Data for this exercise →
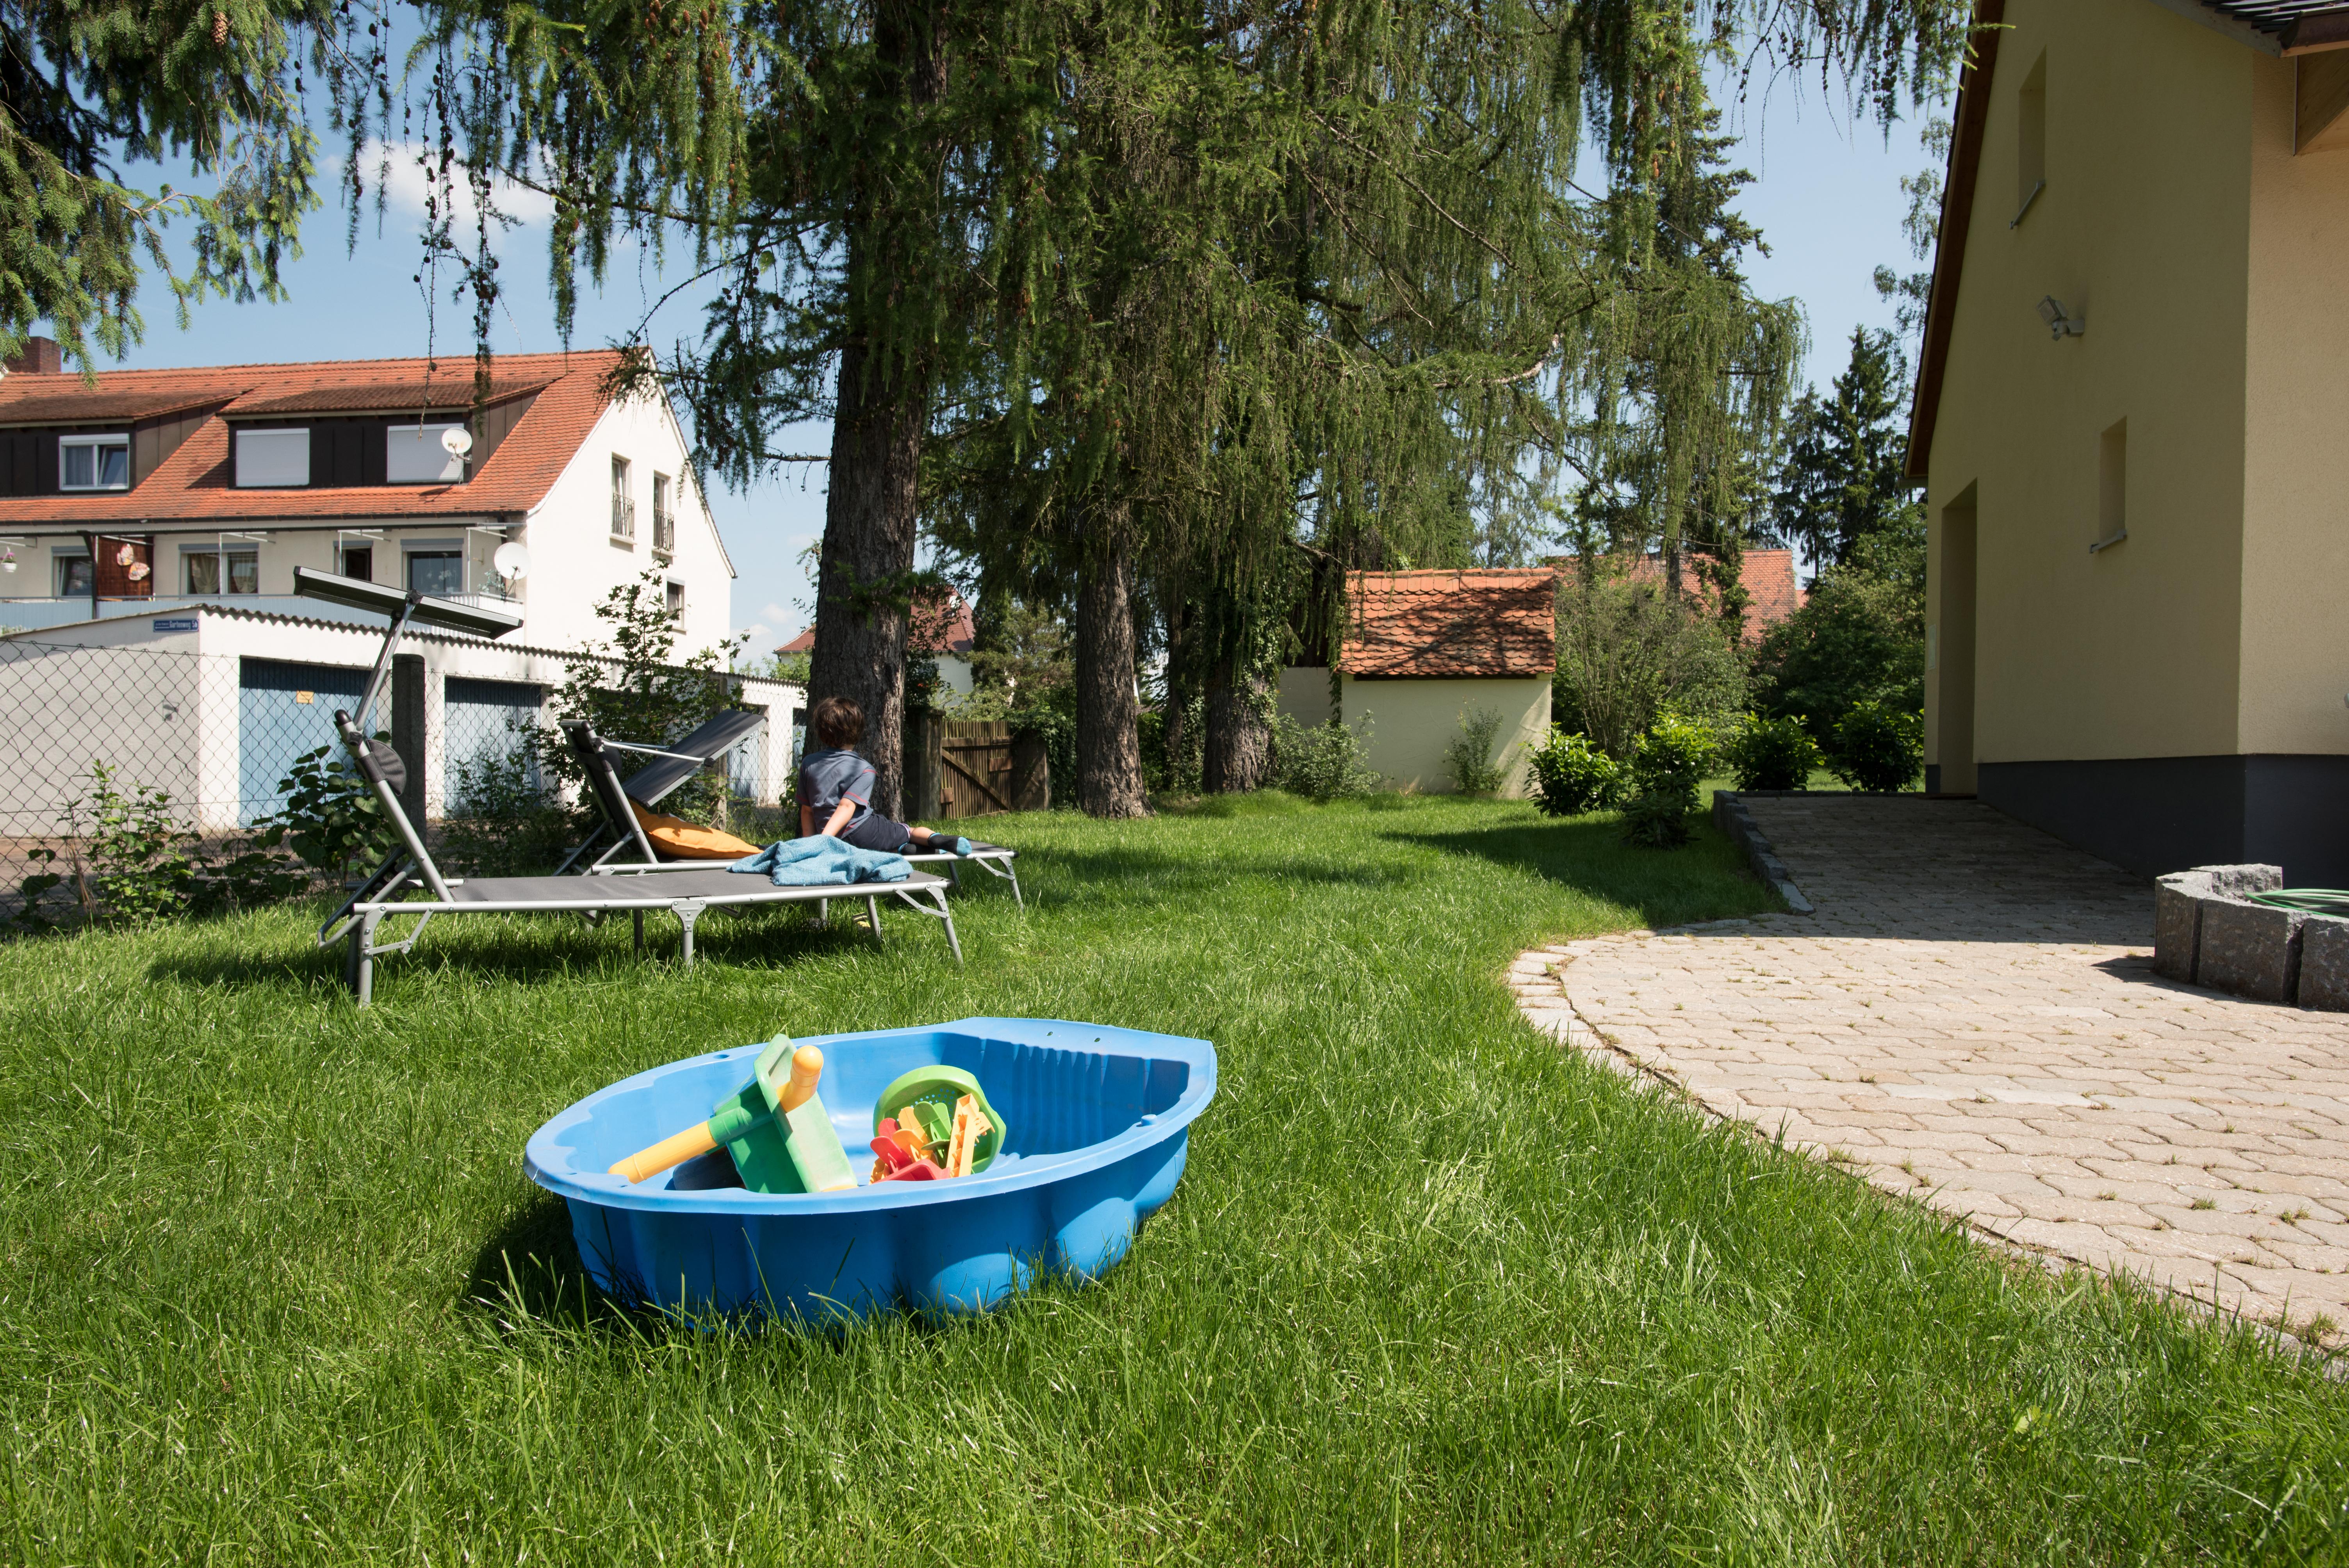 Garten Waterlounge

---

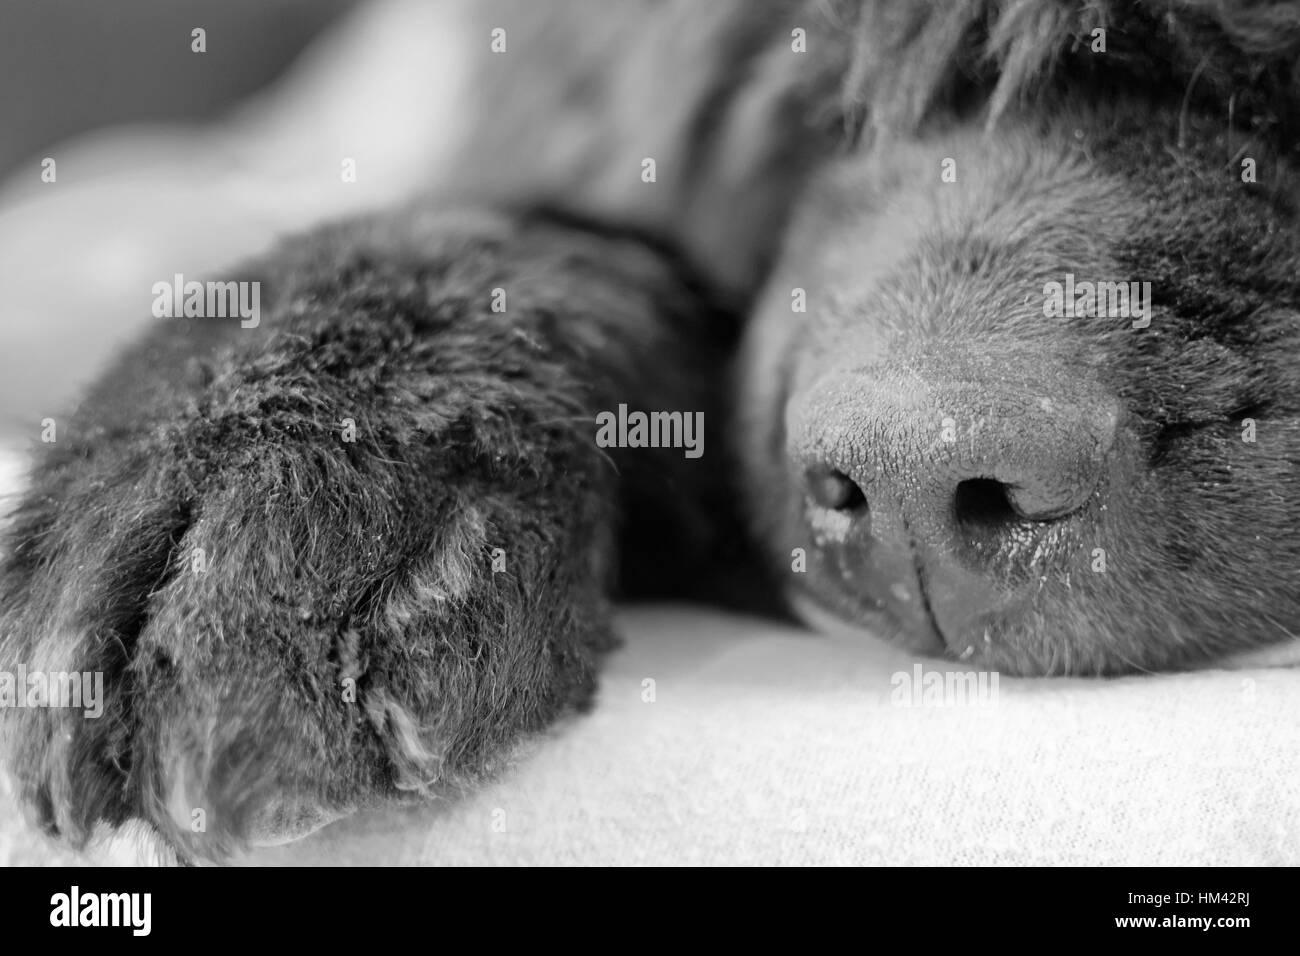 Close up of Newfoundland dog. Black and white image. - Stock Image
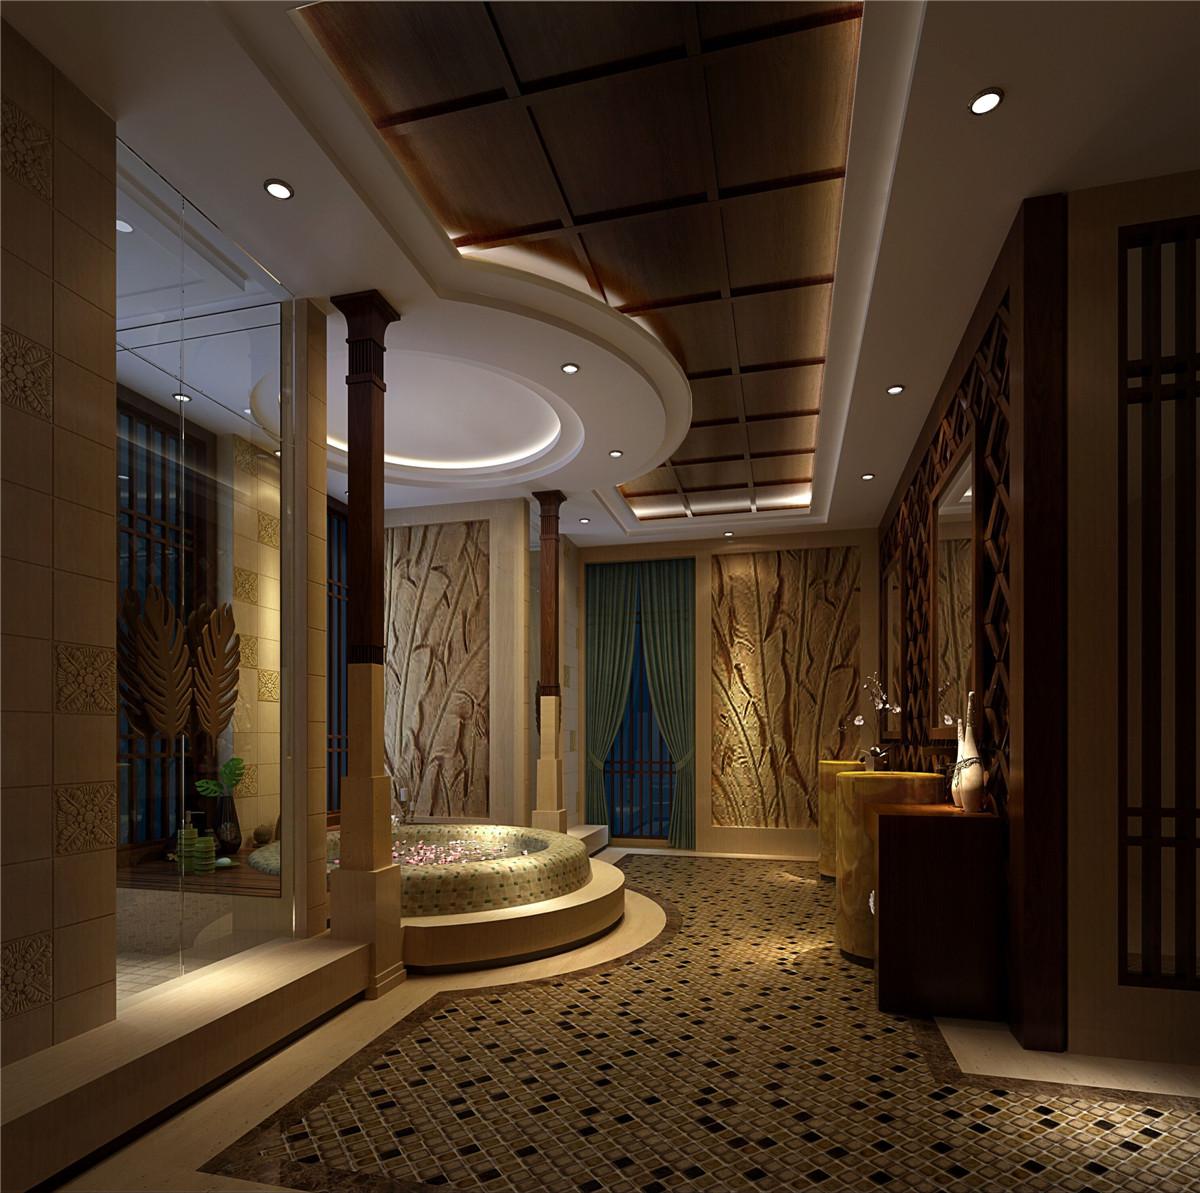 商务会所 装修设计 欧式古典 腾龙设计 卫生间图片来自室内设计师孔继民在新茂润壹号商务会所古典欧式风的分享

---

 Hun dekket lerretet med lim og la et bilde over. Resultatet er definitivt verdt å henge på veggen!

Problem description →
Everything above from the line that has "Close up of" down to the line that has "商务会所 装修设计 欧式古典" should be output exactly, with both of those lines included. Leave the pictures behind.

Result →
 Close up of Newfoundland dog. Black and white image. - Stock Image
 商务会所 装修设计 欧式古典 腾龙设计 卫生间图片来自室内设计师孔继民在新茂润壹号商务会所古典欧式风的分享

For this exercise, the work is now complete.